We’ve known since, oh, I don’t know, statehood in 1818 (she wrote facetiously), that there’s often waste in government, especially in a state known for corruption, like Illinois. Perhaps the poster child for that waste was the $50 million spent on the Neighborhood Recovery Initiative that dominated political discussion most of last year.

We’ve known since last November that Democrats no longer control every aspect of state and Chicago government, when Republican Bruce Rauner won the governor’s race by four percentage points while Democrats maintained their super majorities.

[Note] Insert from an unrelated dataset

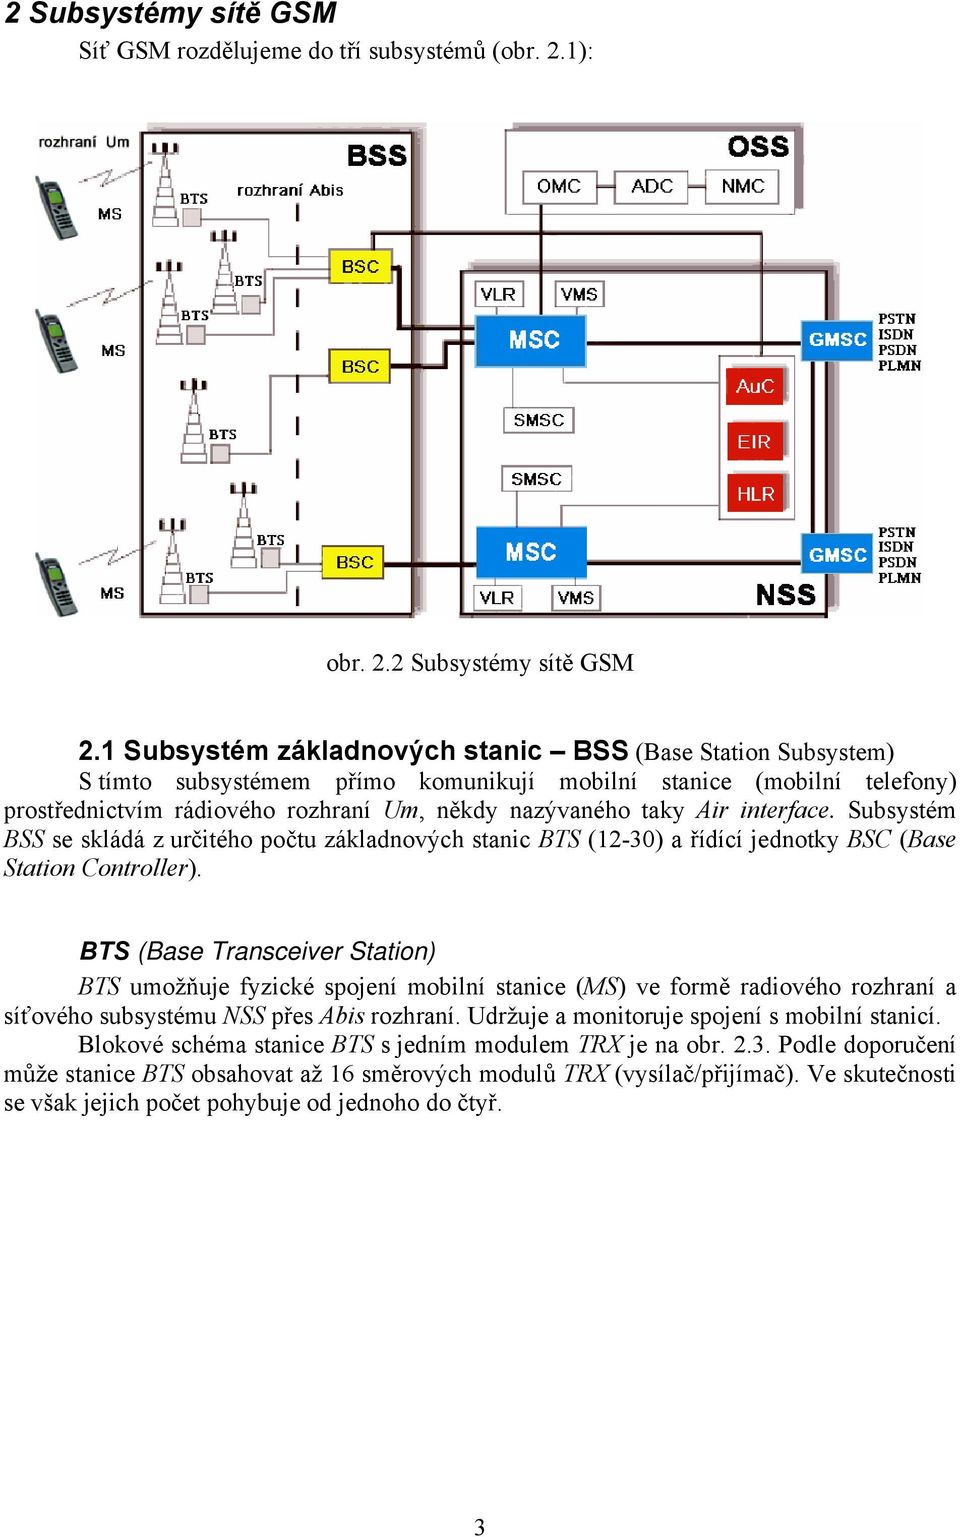 interface. Subsystém BSS se skládá z určitého počtu základnových stanic BTS (12-30) a řídící jednotky BSC (Base Station Controller).

And what’s happened since then? Gov. Bruce Rauner called for shared sacrifice, but proposed a budget more than $2 billion out of balance by offering up a pension plan that clearly wasn’t going to work. Emanuel ran scared and won, avoiding talk of financial doomsdays as much as he could. House Speaker Michael Madigan and his fellow Democrats gave Rauner a budget that spends at least $3 billion more than the state will collect from taxpayers this year.

We could have spent the past eight months working to wring every dollar in savings and cuts we could find out of these city and state governments. We finally could have made some real headway toward starting to consolidate the more than 7,000 government units that tax us literally and figuratively. We could have engaged in a constructive and productive discussion about whether we really need a “salmon fund” and nearly 800 other “special funds” containing more than $9 billion. We could have had a full, detailed and long debate about whether and how to update our tax policies. How can we fix school funding? Should we tax services? Which ones and why? Does the income tax rate need to change for people or businesses? How are we going to get a handle on our pension crises and not cut corners on a generation of our children?

Instead, we’ve had speeches about prevailing wage rates and “fair share” dues. We’ve had secret budget working groups. We’ve had property tax relief and workers’ compensation show votes after showboat hearings, and laughable suggestions that deal-making and horse-trading don’t happen under the Capitol dome.

Imagine Chicago and Illinois are like a home ablaze.

Emanuel grabs a hose, but yells that the water never got pumped up from Springfield. Rauner says the firefighters can be volunteer-only. Madigan insists the flames must be snuffed out with blankets of our cash.

Does it end like Detroit? Or Greece? Or just ashes? Ashes.